A lot of our excuses seem very valid. We don’t know the Bible well enough is one often used. The reality is that divine empowerment uses the little we have. It takes a mustard seed and transforms it into a huge tree. The sad reality is that we want to hang around until we’re equipped – which simply delays our going indefinitely because we’ll never be fully equipped. Divine empowerment is released at the moment we need it, not in advance so we can have it packed and ready when we set out. God says to go. Delaying it is simply disobedience.
The perfect provision of divine empowerment.
But God knew that Moses – like us – needed encouragement, and so He provided a promise – one which was entirely dependent on the word ‘go.’ The promise was essentially divine empowerment in those areas where he had a lack.
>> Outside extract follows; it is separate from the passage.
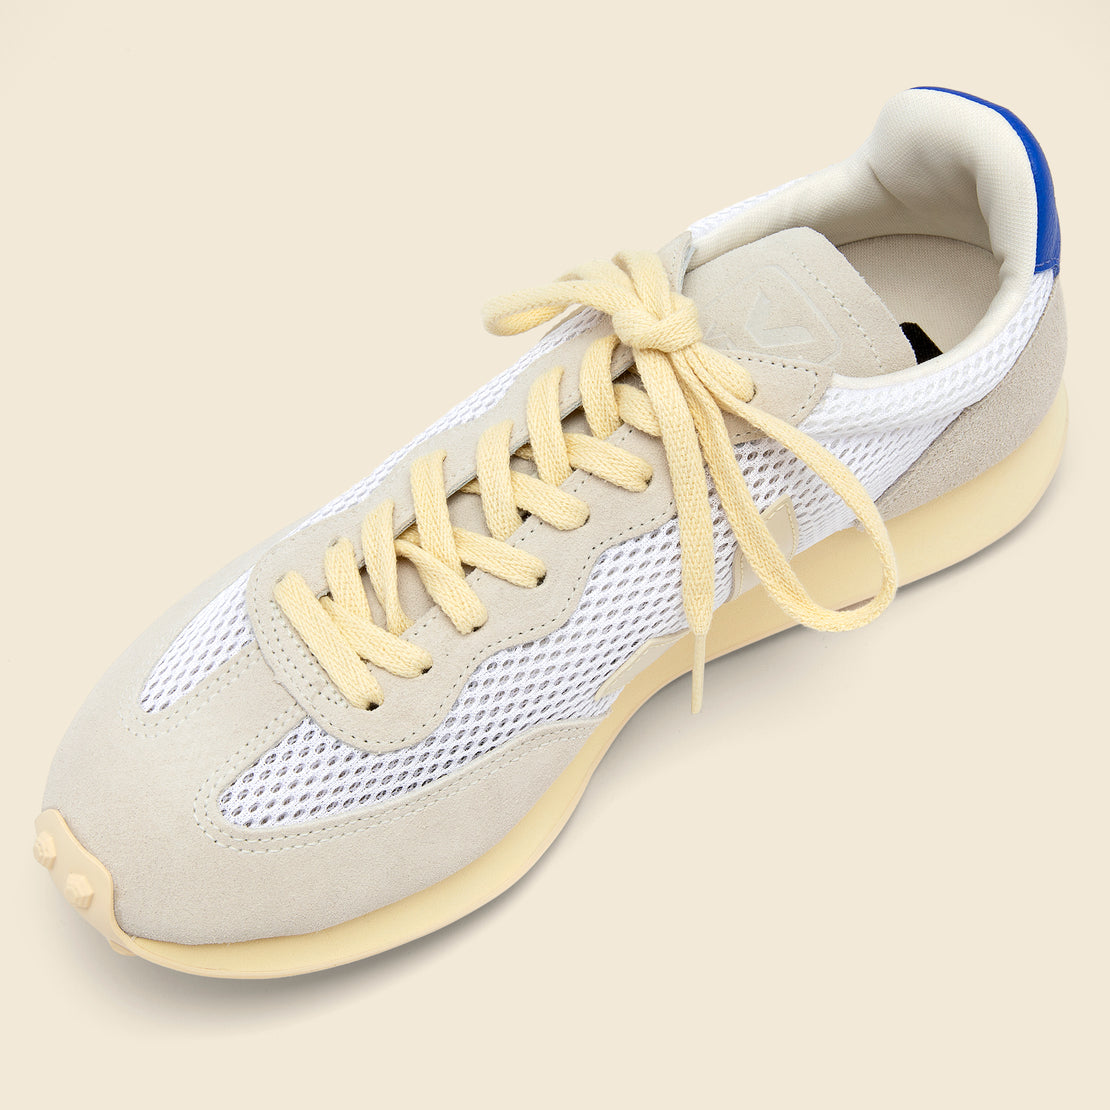 Rio Branco Aircell Sneaker - Lunar Pierre Paros - Veja - STAG Provisions - Shoes - Athletic
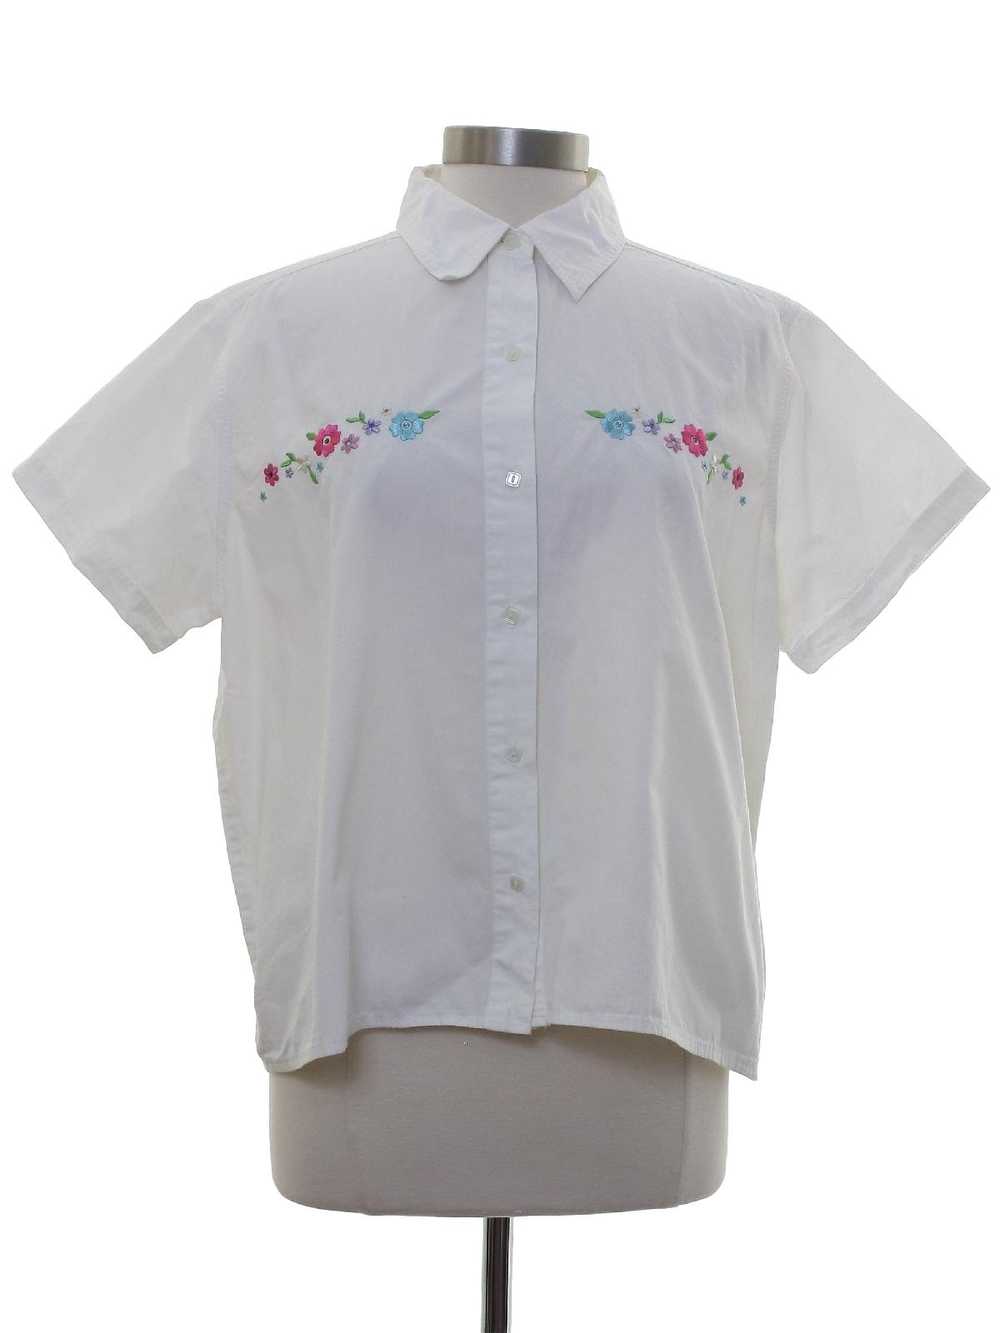 1990's Womens Embroidered Shirt - image 1

What God was saying was ‘you go, then I will provide everything you need.’ God still operates on this principle today. He doesn’t change, and His promises are eternal. Our task is simply to go – to take a step in faith. Everything else is up to God, but we can be absolutely sure that His divine empowerment will be gloriously, abundantly sufficient for every minute of the journey.
Forgive us, Lord, where we have delayed or made excuses, focusing on ourselves and our own frailties rather than on Your power and purpose. Grant us the faith to step out in obedience, knowing our weakness and frailty but secure in the assurance that Your divine empowerment is already in place.